NU Online News Service, Sept. 29, 3:20 p.m. EDT
Standard & Poor's rating service lowered the financial strength rating of guarantee insurer MBIA Insurance Corp. over concern that it is still experiencing adverse loss development.
With increased worries over loss development from exposure to collateralized debt obligations (CDO) and residential mortgage-backed securities (RMBS) of asset-backed securities, S&P lowered MBIA's financial strength, counterparty credit and financial enhancement ratings to "double-B-plus" from "triple-B."
S&P also lowered its counterparty credit rating on MBIA Inc., the group holding company to "double-B-minus" from "double-B." The outlook on MBIA and the holding company is negative, S&P said.
S&P affirmed the "A" financial strength rating on the company's affiliate, National Public Finance Guarantee Corp.

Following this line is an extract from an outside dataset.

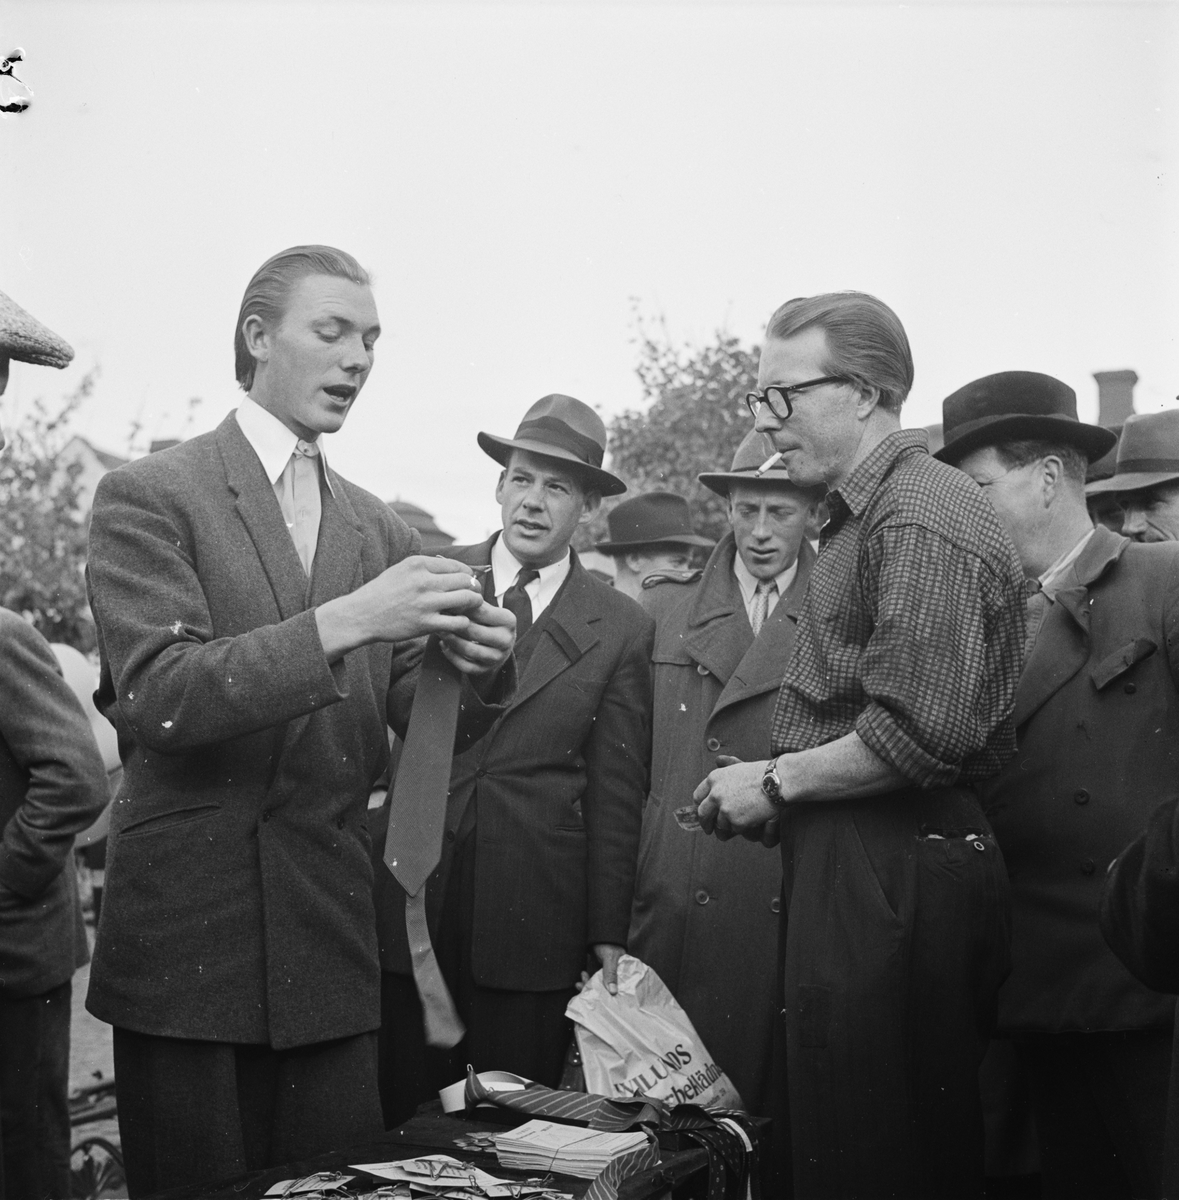 Höstmarknad på Vaksala torg, Uppsala 1948. Bertil Odin "demonsterar hur man behändigt knyter sin slips med hjälp av en ståltrådsställning".

The outlook on National remains developing, S&P said.
National Public was set up earlier this year by MBIA to separate its municipal bond business from the rest of the company.

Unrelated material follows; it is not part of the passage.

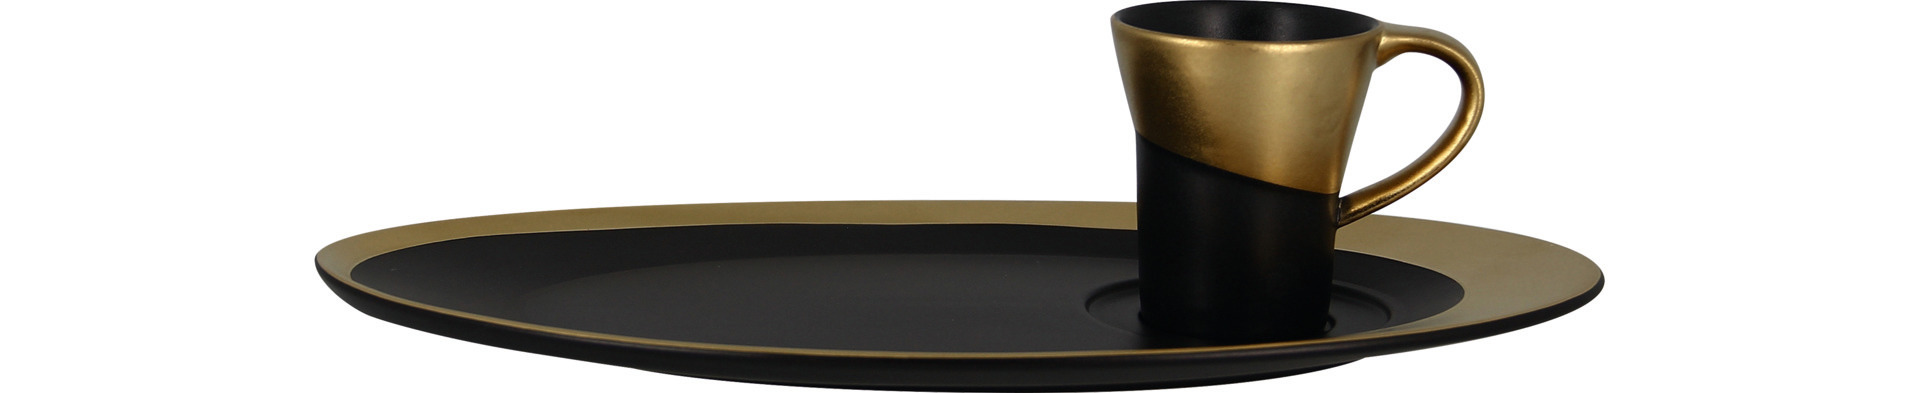 Espressotasse 60 mm / 0,09 l schwarz / gold

"We downgraded MBIA and the holding company because macroeconomic conditions continue to contribute to losses on the group's structured finance products," explained S&P's credit analyst Damien Magarelli in a statement.
He expressed the view that while National's rating was affirmed, it remains developing because of uncertain business and capital raising prospects. There is also concern that the company's attempts to separate National from the rest of MBIA's exposures have not been sufficient to date.
"The negative outlook on MBIA and the holding company reflects our view that adverse loss development on the structured finance book could continue," Mr. Magarelli continued. "In the next few years, liquidity will likely be adequate to meet debt-service and holding-company obligations (including operating expenses). However, increased losses and earnings volatility could still occur.
"We expect that the company will maintain a sufficient number of experienced staff members to support surveillance and remediation efforts within the various business segments, with a focus on liquidity risk management," he continued.
"Considering the runoff nature of the franchise, it is unlikely that we would raise the rating. Alternatively, if there were increased losses within the investment portfolio, potential reserve charges, or diminished liquidity, we could take a negative rating action," Mr. Magarelli said.
The outlook for National could be improved if there is a favorable resolution to ongoing litigation, S&P said.
MBIA, along with other guarantee insurers, has been the target of numerous shareholder suits resulting from losses the company has suffered in the wake of the subprime loan crisis.
S&P said if there was a successful court outcome for the company it would help capital-raising efforts and create a more tangible separation between National and MBIA. The separation could lead to a "double-A" rating for National, but if conditions continue as they currently are the result could be a downgrade to the "triple-B" category, said S&P.